1. Mineral Matters, especially sand, clay, and not unfrequently fine spicula of glass derived from the glass pipette, &c.

2. Vegetable Matters.-In shallow pools, in rivers, reservoirs, and, in fact, all open waters, the microscopist seldom fails to find vegetable débris in the shape of dotted ducts, spiral vessels, parenchymatous cells, bits of cuticle with the hair still adhering, the down of seeds, roots of duckweed, bits of chara, &c.

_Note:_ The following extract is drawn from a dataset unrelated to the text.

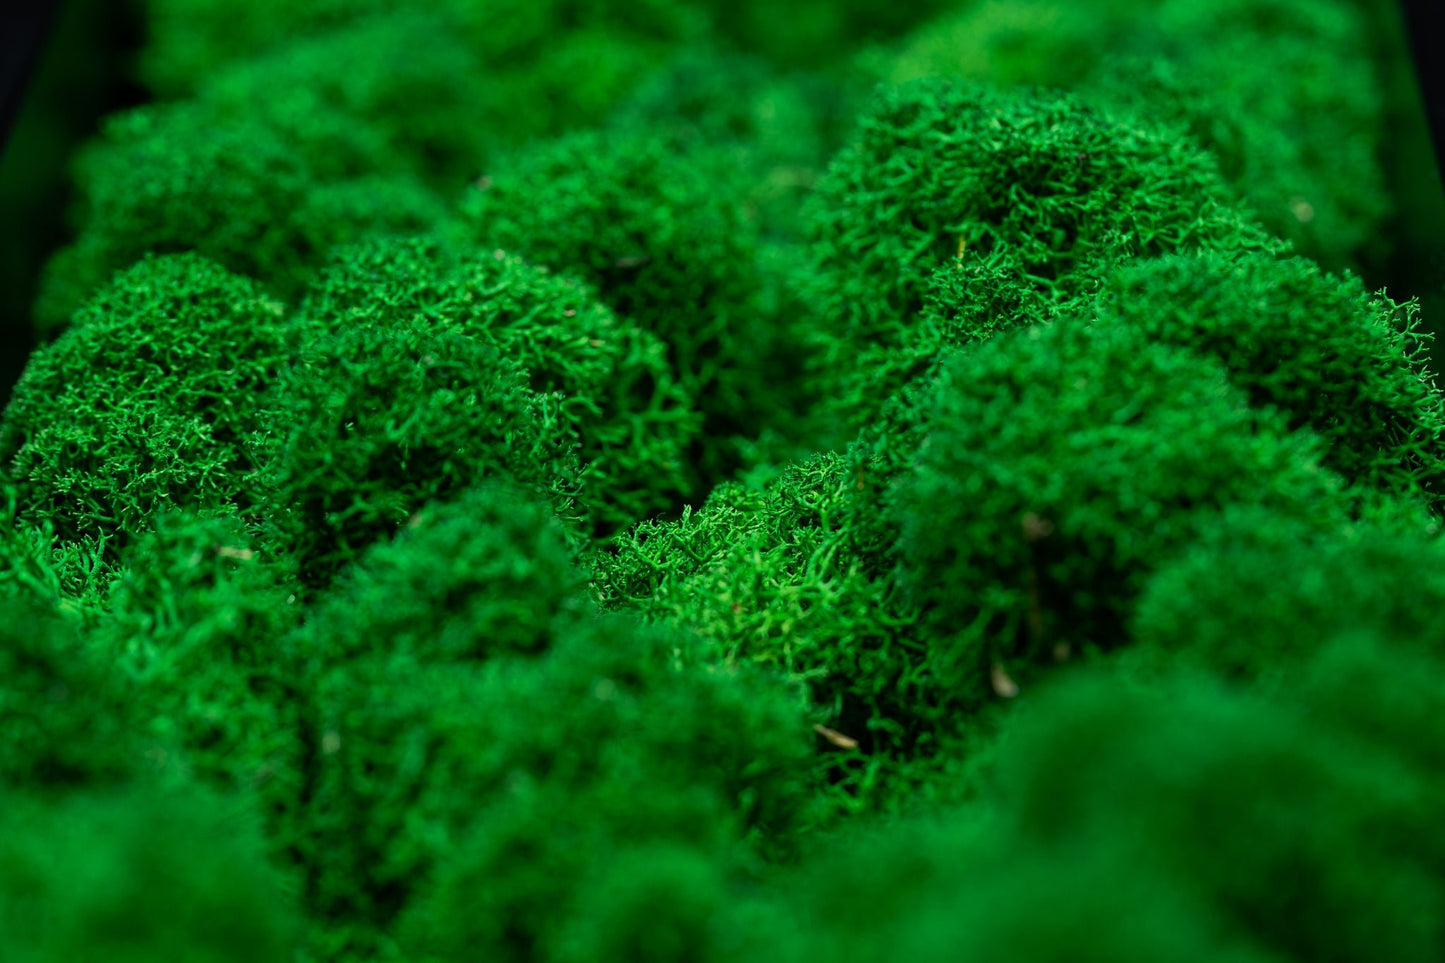 Nærbilde av gressgrønn mose. Frodig og vakkert

It depends on the amount as to what conclusions are to be drawn ; but this is certain, that a water showing these matters is not likely to be from a deep spring, but one over which the atmosphere more or less freely plays.

3. Dead Animal Matters-(a.) Purely Animal, such as hairs from domestic or wild animals, striped muscular tissue, the scales of moths, butterflies, or other lepidoptera, eggs of entozoa (which, of course, may, for aught we know, be living).

(b.) Human Débris.-Human hair, human epithelium. (c.) Manufactured Matters.-Wool, silk, &c. All animal matters, whether derived from insect, human, or domestic animal life cannot be considered a favourable indication; and even the presence of cotton, silk, hemp, and the like, though

* The common aniline violet ink answers very well.